Over the years, a number of people have compared Michener’s novel to the historical record. What most have found are recognizable elements of at least four actual missions in the Toko-Ri story.* Armstrong does not speculate on whether he flew on any of the four. All he has ever said is that “I flew into equally difficult places.”
Perhaps for reasons of better storytelling, Michener did not accurately present the role of the jets in the coordinated strikes. In the book, Michener disregarded the jets’ technical lack of bomb capacity and had the jets bombing the bridges.
Although the new tactics lessened air group casualties, there was no way to go after so many well-defended targets without losing some men and machines. On January 6, 1951, Rick Rickleton died. That same day Lieutenant Harold J. Zenner of VF-54 lost an eye when fragments of metal from an AA shell and small pieces of Plexiglas from his own canopy hit him in the face. On the ninth, Ensign Raymond G. “Gene” Kelly, also of VF-54, was fatally hit by AA fire following a bombing run on a bridge. On the eleventh, yet another pilot from VF-54, Joseph H. Gollner, crashed into the sea after what seemed to be a normal takeoff. On the nineteenth, a VF-172 Banshee flown by air force major Francis N. McCollon was hit by antiaircraft fire during a strafing run, then crashed and burned.
But the death that hit Armstrong and the rest of the men of VF-51 by far the hardest, after Rick Rickleton’s, was that of another one of their own, LTJG Leonard R. Cheshire, on January 26, 1951.
Like Rickelton, Cheshire
was from New Mexico—Albuquerque, to be exact. So impressed was division leader Wam Mackey with the two young men that he thought at the time, “If everybody from New Mexico was like those two boys, I’m going to move to New Mexico.” A tall, thin, angular man with dark brown hair, Cheshire had been married to Dorothy just before he left for Korea. After the war was over, Chet planned to return to the Land of Enchantment and become a teacher.

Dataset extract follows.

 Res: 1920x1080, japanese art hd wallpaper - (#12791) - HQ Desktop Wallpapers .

In a cubicle in the junior officers’ bunkroom (an area the senior officers referred to as “Boys’ Town”), Armstrong and Cheshire slept right across the aisle from each other, on lower bunks. The two men—the squadron’s youngest member and the other the squadron’s oldest junior officer—became close friends. “In the combat environment,” Neil explains, “you welcome lighthearted conversation that takes your mind away from the realities of the war around you. But we also talked a great deal about the serious side of life: philosophy, theology, history, et cetera. Chet was a very thoughtful person, and I learned a great deal from listening to his perspectives on those issues.” Both Neil and Cheshire also spent time reading books. In the evenings, Cheshire often read out loud while the others, in the words of Hal Schwan, “would sit around and listen almost like a bunch of little kids.” In the first weeks of January 1952, Chet was well into a reading of The Caine Mutiny, a recent bestseller by novelist Herman Wouk.

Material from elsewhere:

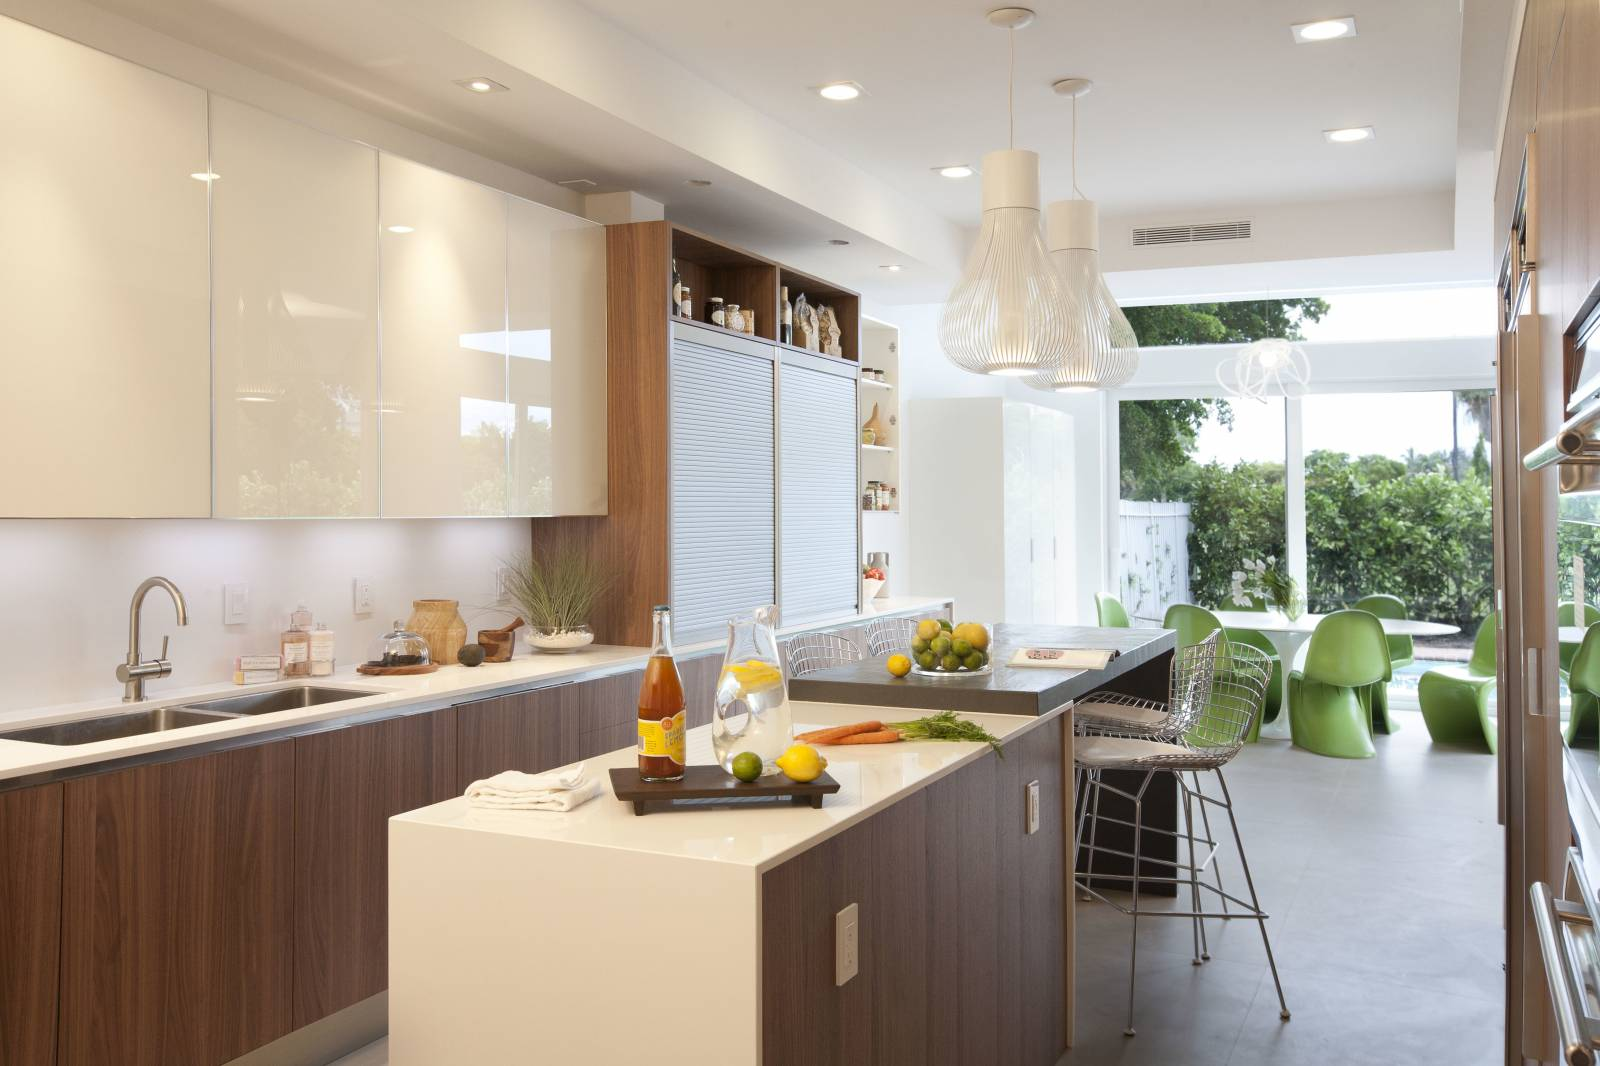 Интерьер дизайн кухни мебель

On Saturday, January 26, 1951, Mackey’s division was making its second run on a camouflaged train sitting in the Kowan area, just adjacent to Wonsan Bay, when Cheshire’s plane was hit by AA. According to Ken Kramer, Cheshire’s wingman, “We were in a racetrack pattern, which allowed us to keep each other in sight while we made individual dives on the target. Chet had just completed his dive and I was rolling into my dive behind him when he got hit.” At that instant, Cheshire radioed urgently to Mackey, “Wam, I’m hit, and I’m hit bad!”